Integrating academic and clinical approaches
The Institut de Neurosciences des Systèmes (INS, UMR1106) is a multidisciplinary research institute of Inserm and Aix-Marseille University located on La Timone Campus in Marseille. INS core faculty is composed of members of academic (Faculty) and clinical (APHM) institutions, as well as Inserm and CNRS researchers. The INS research has been developed around a common concept, the dynamic brain, integrating experimental, theoretical and clinical approaches towards the understanding of brain function and dysfunction.
INS houses a wide range of state-of-the-art facilities of brain research, which includes the MEG facility, the TMS-EEG facility with a Brain Navigation system, various electrophysiology laboratories, an epileptic patient unit, and the Virtual Brain platform. INS researchers perform research across species ranging from the rodent, through the monkey to the human brain to uncover the mechanisms underlying the functioning of the healthy brain and its disorders, notably epilepsy as the paradigmatic dynamic brain disease. The INS research is based on both traditional approaches, as well as novel approaches that carry a high-risk, but promise a high-impact (see for instance the projects EpiMonk and Virtual Brain).
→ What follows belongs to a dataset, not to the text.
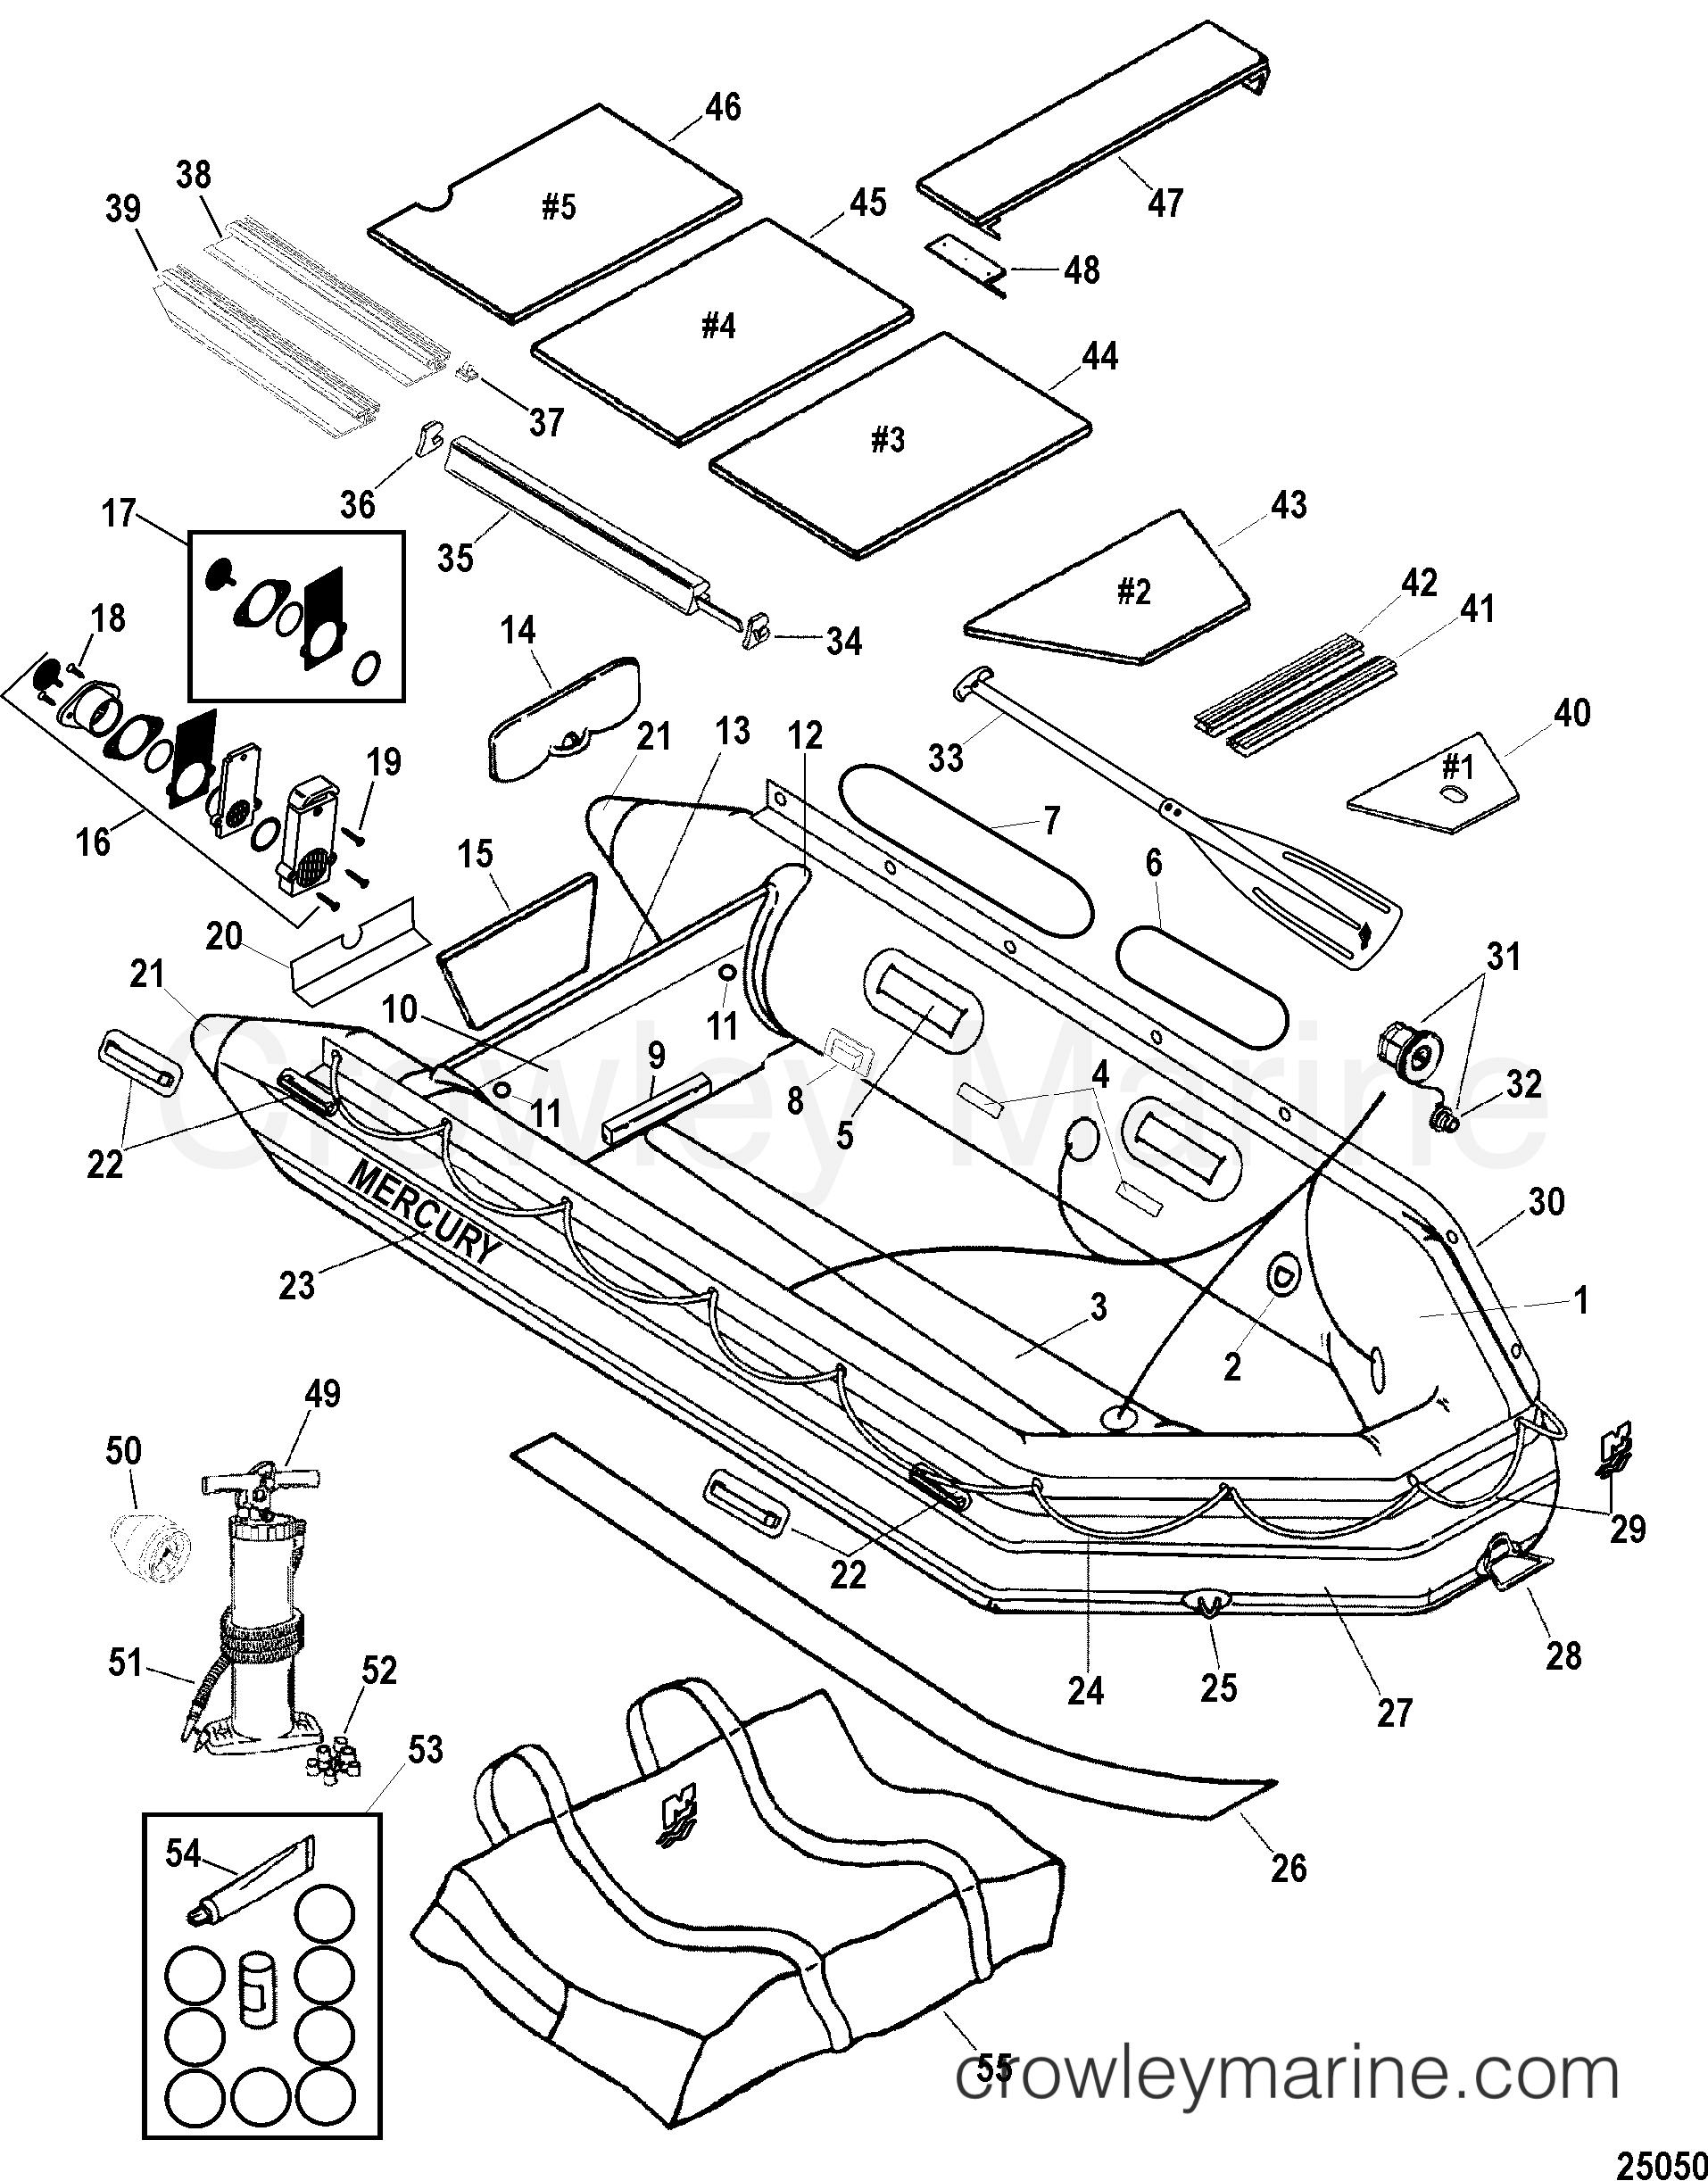 Rotax Wiring Diagram And Schematics 2 Stroke Engine Wire 4k Wallpapers Design Rh Imageswiki Info 787

Such innovative projects can only be realized within a unique environment as offered by INS, in which many and distinct competencies ranging from Applied Mathematics through structural/functional brain imaging to Clinical Epilepsy are assembled in the same unit.
INS is strongly supported by both the academic (Medical Faculty) and clinical (APHM) institutions on La Timone Campus.
Making a donation
Your generosity will help these research scientists to progress knowledge in neuroscience and brain function, to fight against diseases such as epilepsy, and to develop new therapeutical strategies.
Your donations will be paid in full to the research laboratory or to a given team (no running costs and exemption for Inserm from gift tax, pursuant to Article 795-2° of the French General Tax Code). Please fill the form (70.5 ko) and do not forget to specify if your donation concerns a given team or the whole laboratory.
Any gift by cheque should be made out to Monsieur l’Agent Comptable Principal de l’Inserm.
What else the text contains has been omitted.